Square Number Problem

Question

If one is given a set of digits, such as 3352, is there a simple way of finding the square numbers closest to 0 that would begin with the given digits?

Answer 1

We have $$\sqrt{3352}=57.89645930452\ldots$$ so that our first guesses would be $58^2$, $579^2$, $5790^2$, $57897^2$, $578965^2$ and so on as smallest squares above $3352$, $335200$, $33520000$, etc. Note that we simply cut off the expansion of the square root and rounded the last digit up to arrive at this sequence. This left out half the allowed powers of ten, so we also look at $$\sqrt{10\cdot 3352}= 183.084679861\ldots$$ and thus interlace the sequence above with $184^2$, $1831^2$, $18309^2$, etc. The first to give the correct leading digis will be our result.

In fact, we need not need to make so many tries if we compute $$\sqrt{3353+1}=57.9050947672\ldots $$ and $$\sqrt{10\cdot 2253+1}= 183.0874108\ldots$$ as well: The latter agrees with $\sqrt{10\cdot 3352}$ for the first two decimals, hence that branch need not be checked until we want to try the third decimal. On the other hand, alreday the first decimal of $57.9\ldots$ exceed that of $57.8\ldots$, so that we know that already working with the first decimal will help us. Thus $579^2=335241$ is the smallest perfect square starting with digits $3352$.

Answer 2

Yes! Suppose $n$ is a natural number with $$n^2 = \underbrace{3352\ldots}_{x \text{ digits}}$$ Then $$0.3352 \times 10^x \le n^2 < 0.3353 \times 10^x$$ or $$3352 \times 10^{x-4} \le n^2 < 3353 \times 10^{x-4}.$$ If $x$ is even, put $x = 2k$ for a natural number $k$ and we'll see $$3352 \times 10^{2k- 4} \le n^2 < 3353 \times 10^{2k-4}$$ so $$\sqrt{3352} \times 10^{k-2} \le n < \sqrt{3353} \times 10^{k-2}$$ or $$57.896\ldots \times 10^{k-2} \le n <57.905\ldots \times 10^{k-2}.$$ If you want the smallest $n$, you want to take $k$ as small as possible. If you take $k = 2$, there will be no natural numbers $n$ which satisfy the inequality, so you need to take $k = 3$ in which case $n = 579$ works.

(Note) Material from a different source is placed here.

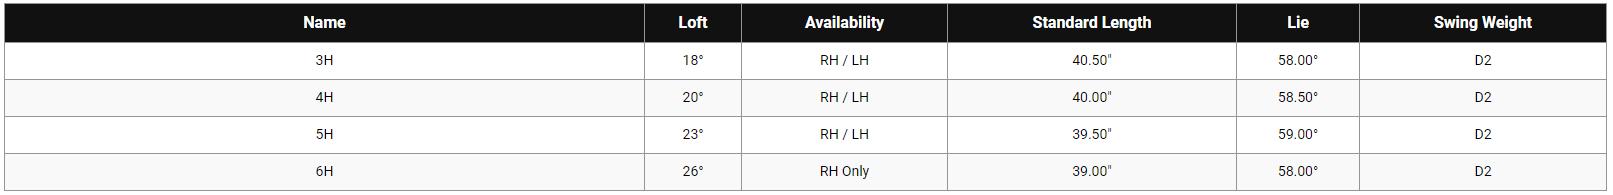 Callaway Mavrik Hybrid Tech Specs

If $x$ is odd, then $x = 2k+1$ for some $k \in \mathbb N$ and we have $$3352 \times 10^{2k-3} \le n^2 < 3353 \times 10^{2k-3}$$ or $$33520 \times 10^{2k-2} \le n^2 < 33530 \times 10^{2k-2}$$ so $$183.084\ldots \times 10^{k-1} \le n < 183.111\ldots \times 10^{k-1}.$$ Again, taking $k$ as small as possible, we will find $k=1$ doesn't work, but $k=2$ yields a solution $n = 1831$.

Thus the smallest $n$ such that $n^2$ begins with $3352$ is $n = 579$.